12. Peculiar inflated sensilla S-I (Figs 7a, c, e) of different lengths present on surface of plates and urogomphi. Inflated sensilla S-I have been described in larvae of Platyrhopalopsis (Paussini) and Physea (Ozaenini) and have been considered as an adaptation to the myrmecophilous lifestyle (Di Giulio et al. 2003). The sensilla S-I of Eustra are very different from the homologous structures of the aforementioned taxa since these are mushroom-shaped, composed of an elongate basal stem, which emerges from a cuticular protuberance, and an apical irregular inflation.

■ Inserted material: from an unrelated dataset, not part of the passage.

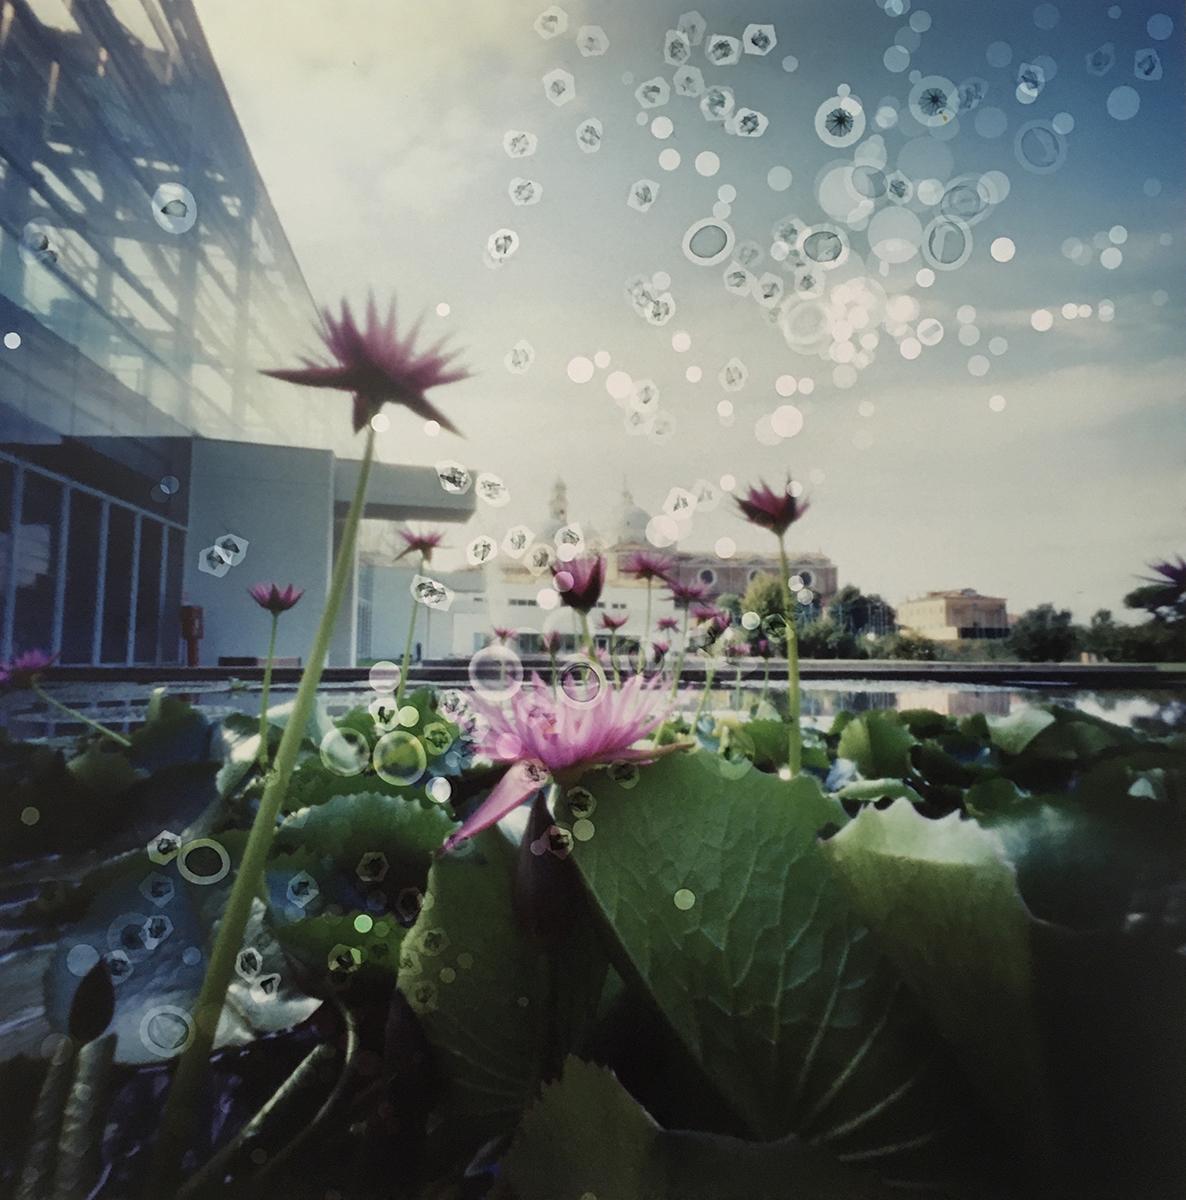 Biodiversity Garden, Padua, Italy (lily pond) (2019)

Like in the other ozaenine genera, larvae of Eustra live in galleries that they dig in humid soil or rotten wood and close off with their terminal disk, which they use to trap prey. However, the larvae of Eustra are so specialized and modified that it is not possible to find clear synapomorphies with larvae of any of the other known ozaenine genera. Some of the peculiar adaptations discussed above are similar to, but not necessary homologous to, characteristics described for the myrmecophilous larvae of Paussini and Physea (See Table 2). Since the Eustra larva from Taiwan was found inside a nest of Pachycondyla javana, it is possible that some of these traits are adaptations to a myrmecophilous lifestyle. However, we think that it is more likely that these minute larvae feed on very small invertebrates like collembolans and Drosophila, which first instar ozaenine larvae consistently consume in the lab (Moore and Di Giulio, pers. obs.), than it is that they feed on Pachycondlya, which are relatively large-bodied ants. Instead, many of the unusual characters observed in these larvae could facilitate feeding on fast moving prey, including the very long radial mechanoreceptors (sensilla S-II) of the terminal disk which would sense the approach of fast collembolans, and modified mouthparts including the bidentate mandibular apex, second tooth of retinaculum, and hook-like galea which would help the larva hold onto motile prey. Other characters, such as the flattening and widening of the urogomphi, could be related to the miniaturization of the larval body. In the future, we hope to discover the larvae of the genus Dhanya, and compare its morphological structures with Eustra since they are hypothesized to be sister genera (Jeannel 1946; Stork 1985; Deuve 2001), as well as larvae of the species formerly classified in the genus Ozaenaphenops to search for support of its synonymy with Eustra (Deuve 2001).